Ответа я не услышала, но ощутила его тело, этот мучительный холод в самой середине его. Что с ним такое?
— Дамиан, Дамиан, что с тобой?
— Ты сказала — «Дамиан»? — спросил Реквием.
— Да, ему плохо. Он холодный, такой холодный, что свалился под стенку. Кто-то около него есть, но кто — я не вижу. Он очень, очень холодный.
Реквием подался вверх, высунул из-под одеяла голову и посмотрел мне в глаза.

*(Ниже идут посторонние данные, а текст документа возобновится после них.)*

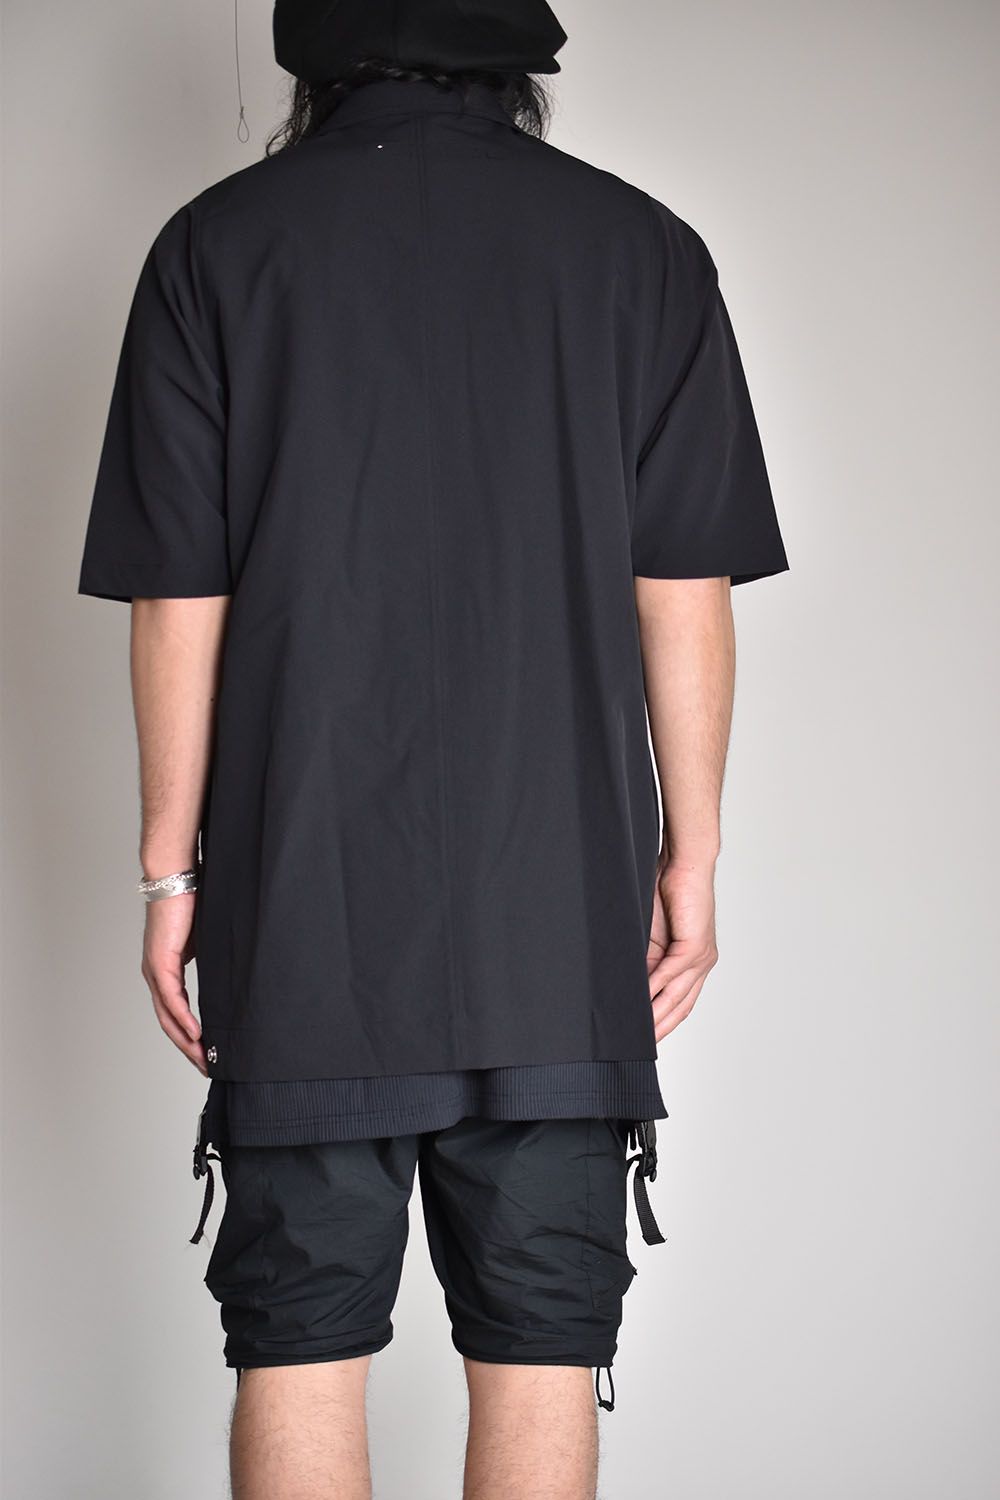 Half Sleeve Shirts"Black"/ハーフスリーブシャツ"ブラック"
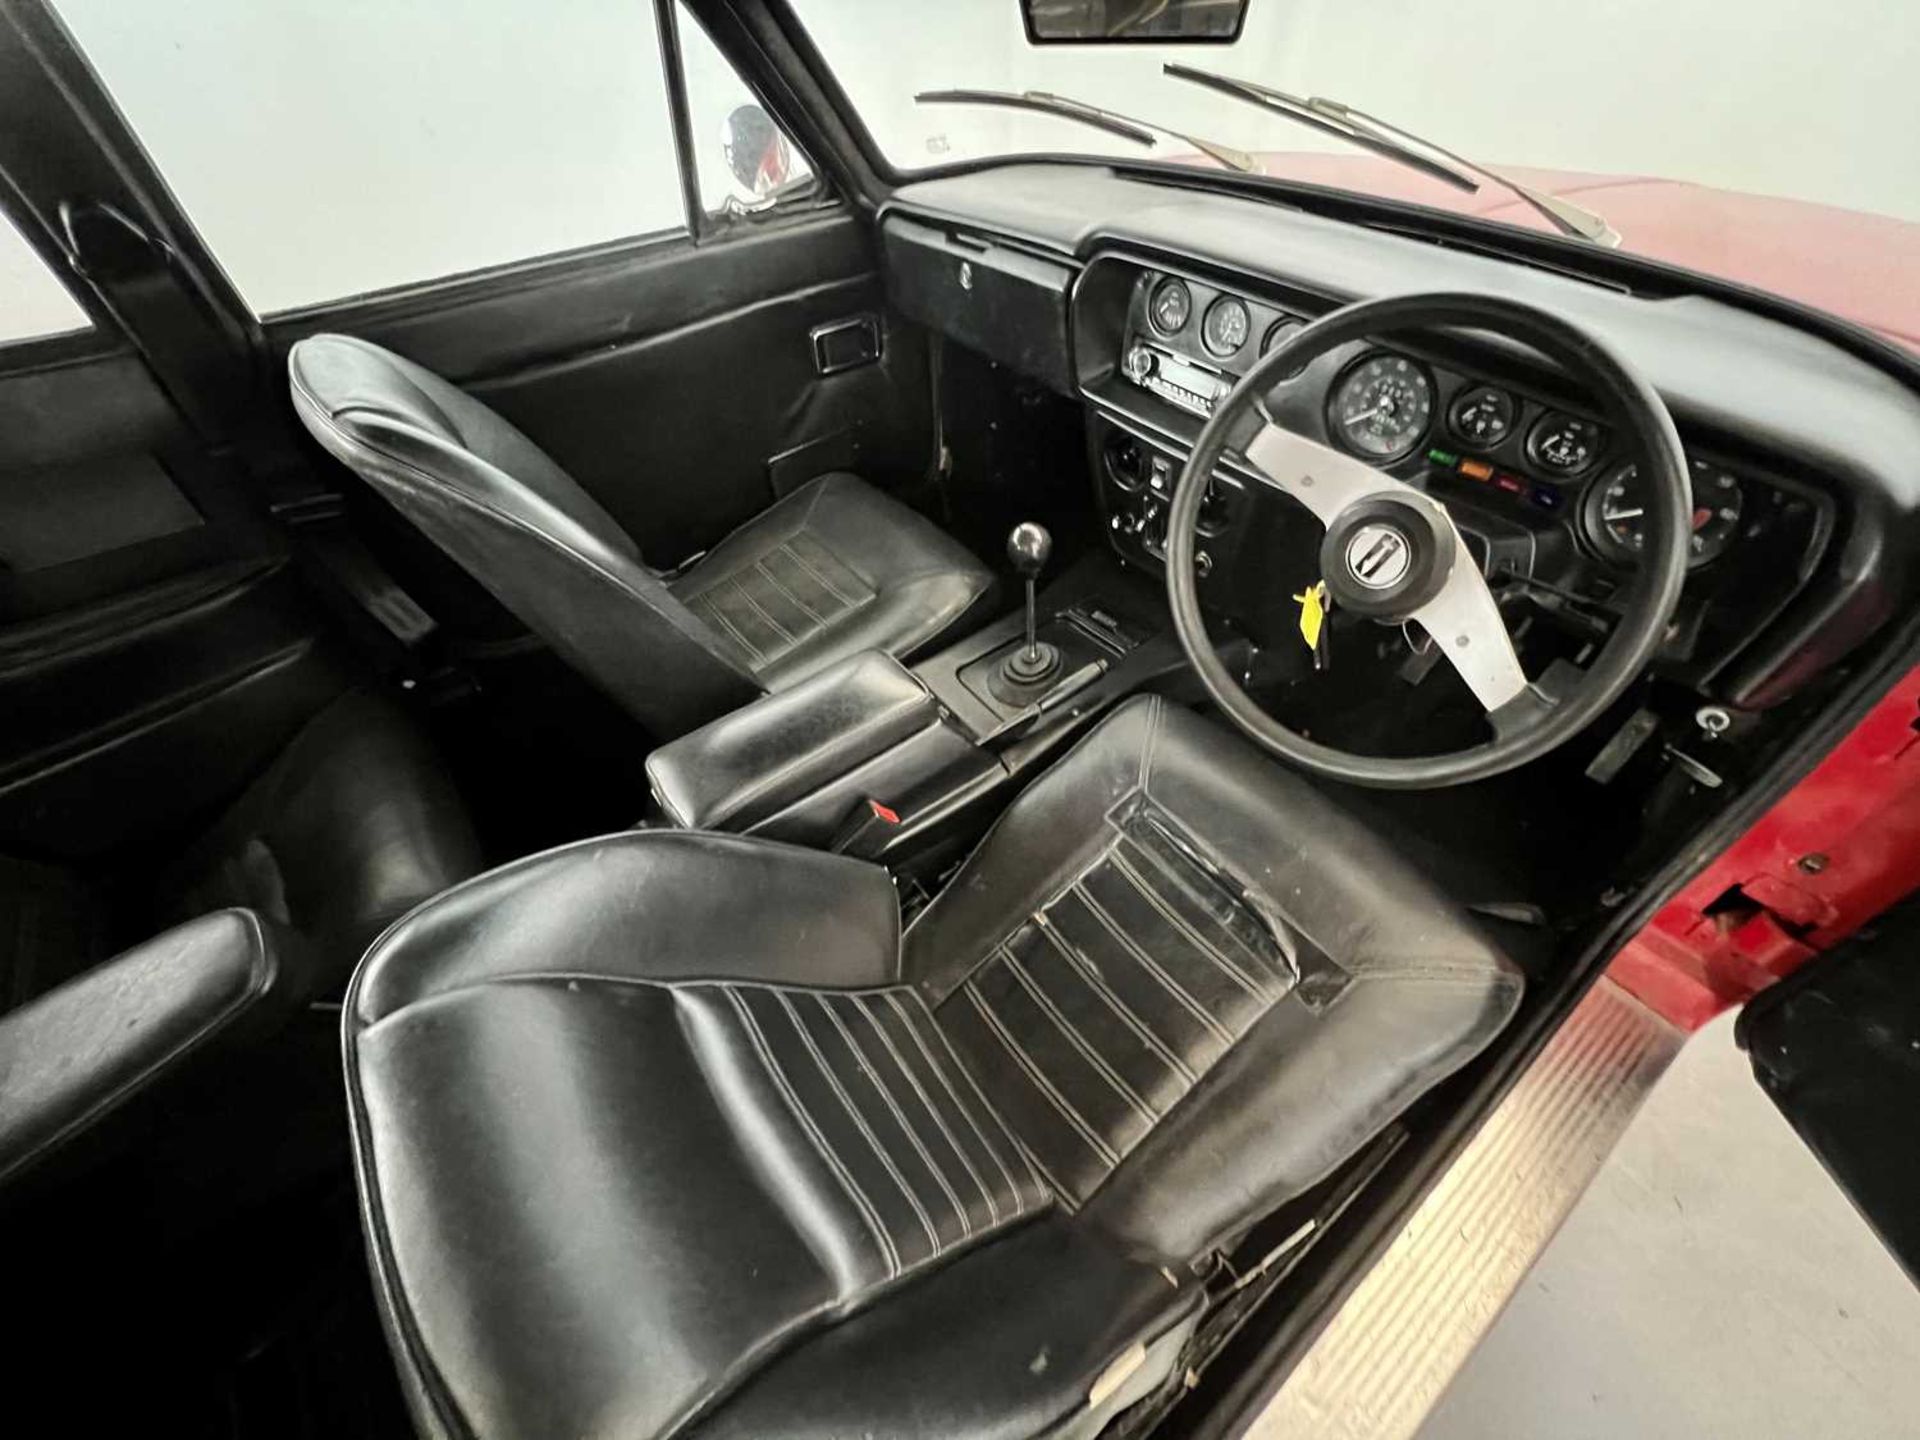 1974 Reliant Scimitar GTE - Image 19 of 25

— Анита, теперь его мастер — ты, это ты даёшь ему жизнь. Твоя энергия делает его живым.
— А, черт!
— Вот именно. Ты можешь не ответить, когда к тебе взывает ardeur, но ты холодна на ощупь, и это твоё тепло согревает Дамиана, причём в гораздо более широком смысле, чем отдача крови.
Я закрыла глаза и прислонилась головой к сиденью:
— Черт, черт, черт!
— Ты позволишь ему умереть ради своей стыдливости?
Я открыла глаза:
— Вопрос прозвучал бы куда благороднее, если бы не ты стоял сейчас передо мной на коленях.
Он склонил голову набок, какое-то любопытное выражение появилось у него на лице. Такое, будто он хотел бы что-то сказать, но потом он мотнул головой, передумав, и я могу ручаться, что вышедшие из его рта слова не были теми, что первыми пришли ему на ум.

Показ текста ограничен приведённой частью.